“劳烦您了,我一会儿就走,”温瑾有些抱歉,上辈子,她跟老太太见面次数不多,以前过年过节或者是家里人生日的时候老太太都会回家,自打有一次,她跟沈寻舟吵架,不顾父母在场,动手砸了东西,自那以后,老太太就鲜少回来了。

清静惯了,受不了晚辈们整日在家里吵吵闹闹。

老太太见人挣扎着要起来,温笑着,伸手摁住她的肩膀:“说什么劳烦不劳烦的,早晚都是一家人。”

“你安心养着,一会儿寻舟就该来了。”

“奶奶,这么说不合适,我跟沈寻舟不合适。”

“你啊!跟沈寻舟不合适,跟凌季白就能合适了?我可是听说凌老太太去你家了。”

老太太端着茶杯坐在她身旁,有一口没一口地喝着,望着温瑾摇了摇头:“年纪大的会疼人,但吞噬你的时候,骨头都不剩。”

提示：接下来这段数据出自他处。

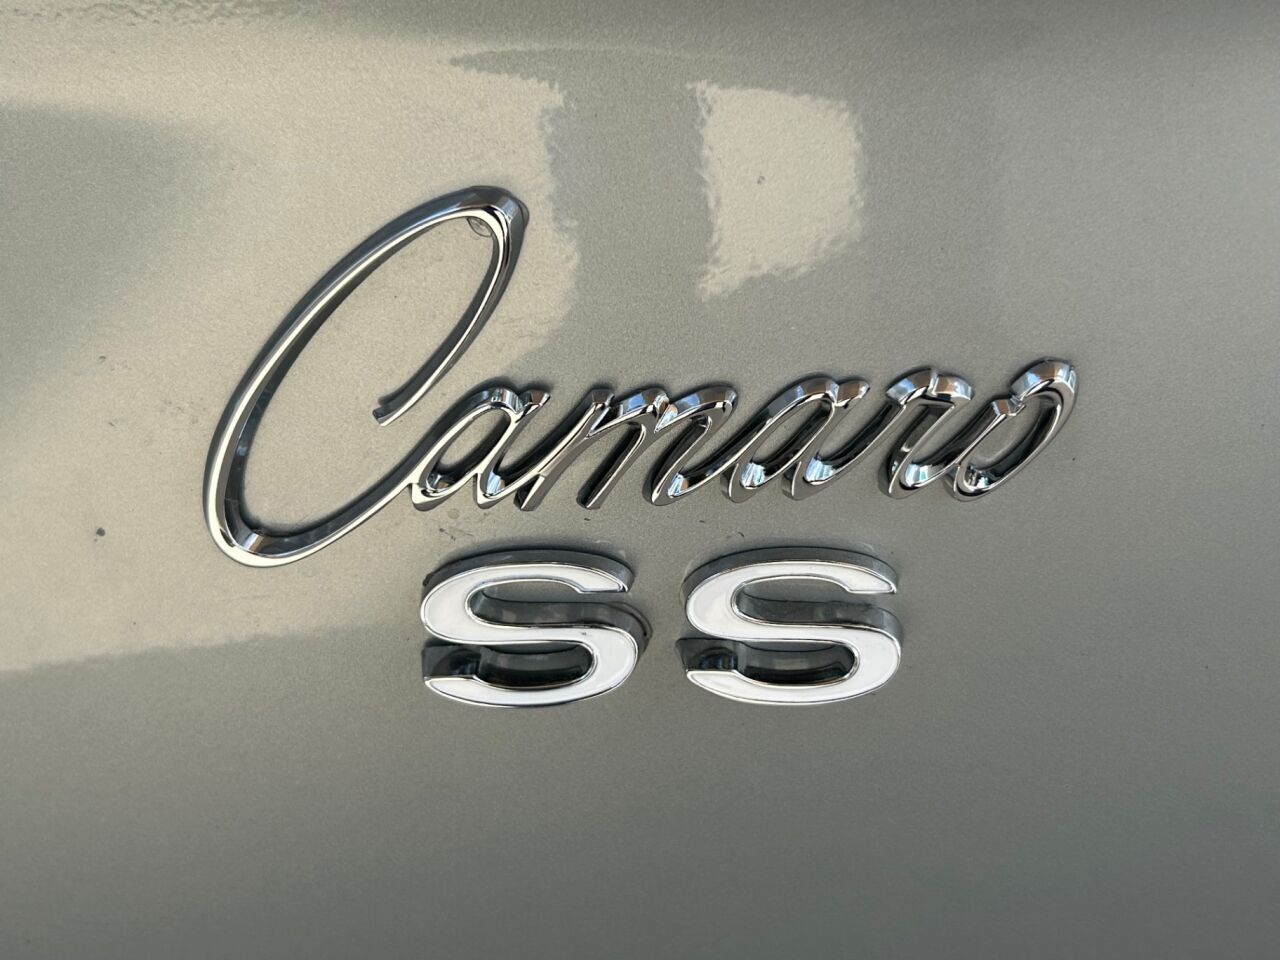 1969 Chevrolet Camaro 15

温瑾没吱声儿,心里想的是上辈子嫁给沈寻舟,不也骨头都没剩吗?

她低头不言。

老太太想说什么,徐姨进来说医生来了。

温瑾一愕,她这么严重的吗?都吊上水了还不够?

“不是给你请的,给沈寻舟备着的。”

“那小子,来的路上被人撞了。”

温瑾:“奶奶,您不用跟我说这些。”

“得说啊!不说怎么行?你不说我不说,误会暗潮汹涌,再好的关系都得毁于一旦。”

温瑾默了默,是啊!上辈子她和沈寻舟不就是如此吗?

她怎么也没想到沈寻舟会在婚前就给了她一张巨额卡。

也没想到那张卡最终落在赵婉儿手里,成了她包养男人的罪证。